Program TMMD mungkin terdengar formal di atas kertas, tapi di lapangan, ini terasa kayak “reuni besar” antara warga dan TNI. Semua turun tangan, dari bapak-bapak yang bawa semen sampai anak muda yang bantu ngaduk beton.
Mereka nggak cuma kerja bareng, tapi juga saling belajar: prajurit belajar ketulusan dari warga, warga belajar disiplin dari prajurit.
“Rasanya kayak balik ke zaman dulu, tapi dengan cara yang lebih modern. Kami bareng-bareng bikin desa ini maju, tapi tetap dengan rasa kekeluargaan,” cetus salah satu warga yang ikut sejak hari pertama.

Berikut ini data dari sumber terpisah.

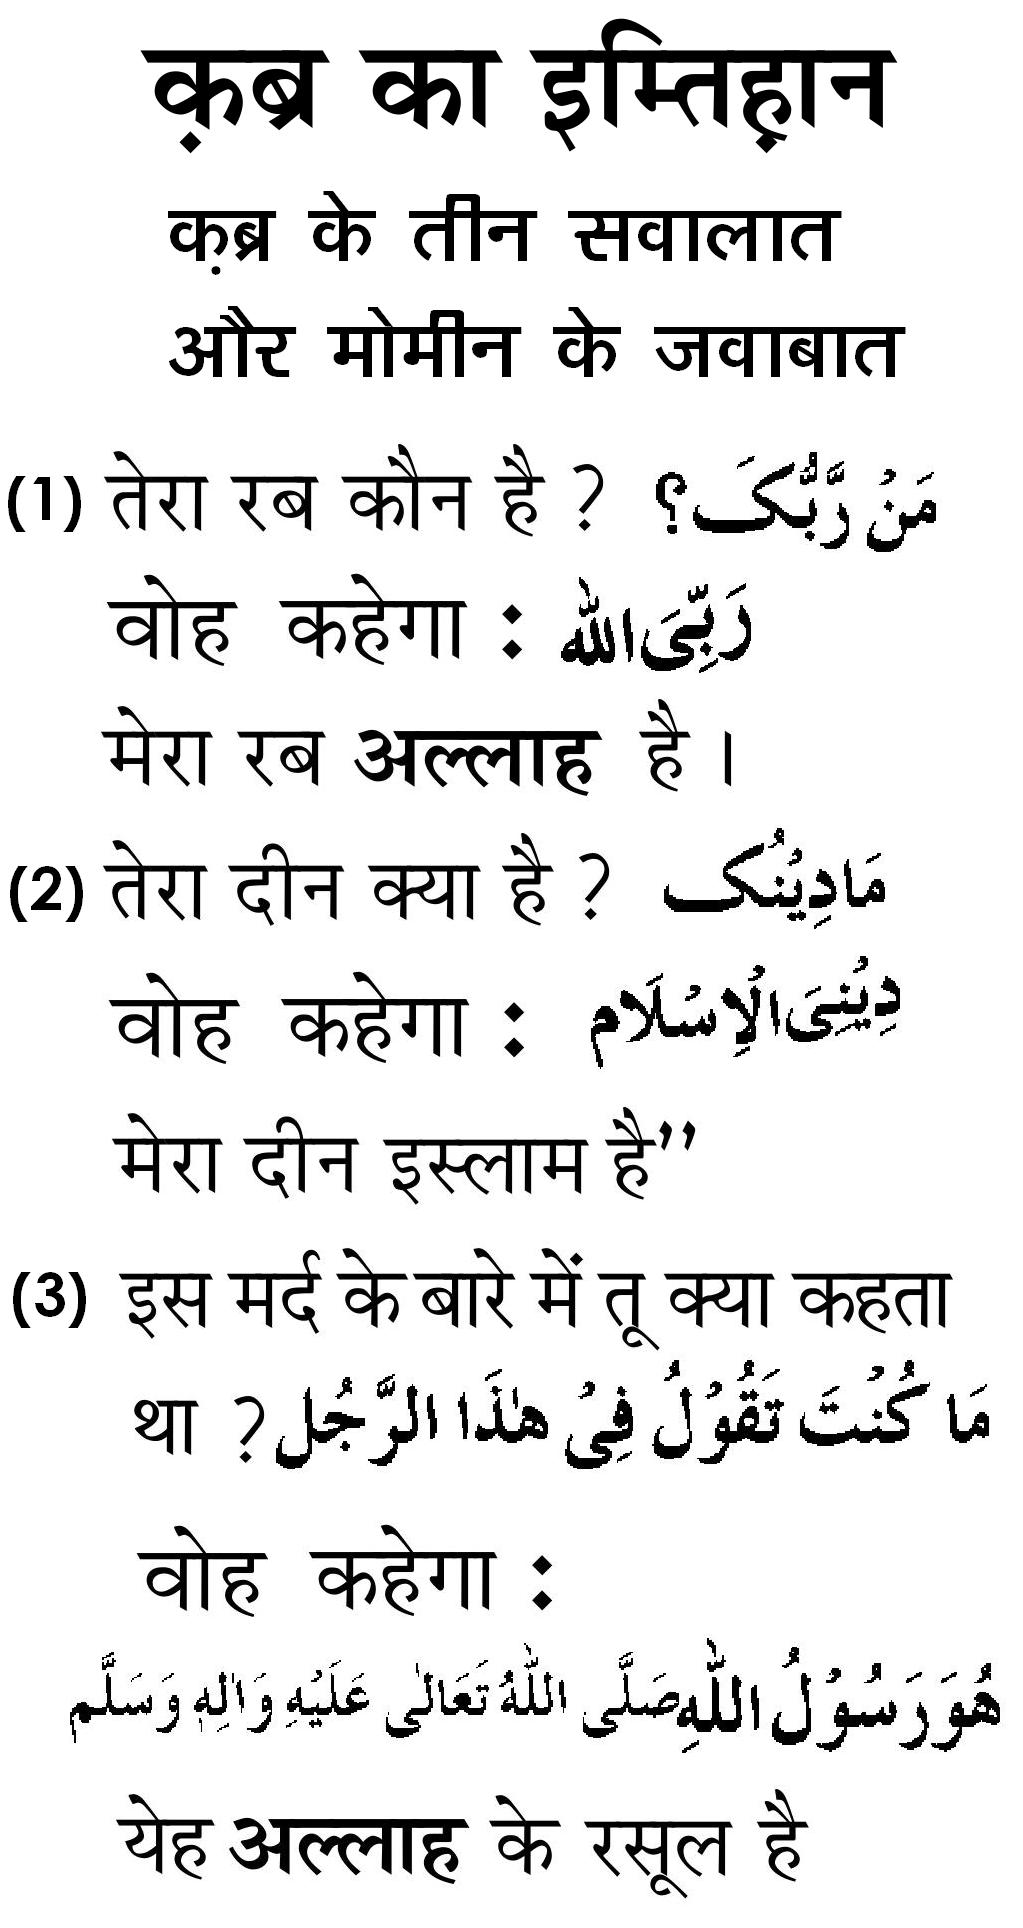 Qabr Ke Sawal O Jawab

Setiap sore, kopi hitam mengepul di teras rumah warga. Di situ, batas antara seragam hijau dan baju biasa seolah hilang.
Obrolan santai tentang keluarga, mimpi, dan masa depan desa jadi bukti bahwa pembangunan sejati itu bukan cuma soal infrastruktur, tapi soal connection manusia dengan manusia.
TMMD di Desa Tonala membuktikan bahwa nilai-nilai lama seperti gotong royong masih relevan banget di era sekarang.
Bedanya, sekarang ada sentuhan profesional, disiplin, dan kolaborasi modern yang bikin semuanya makin kuat.
Karena di balik jalan beton yang kokoh, ada hati-hati yang saling percaya. Dan di situlah, sesungguhnya, fondasi bangsa dibangun. (*)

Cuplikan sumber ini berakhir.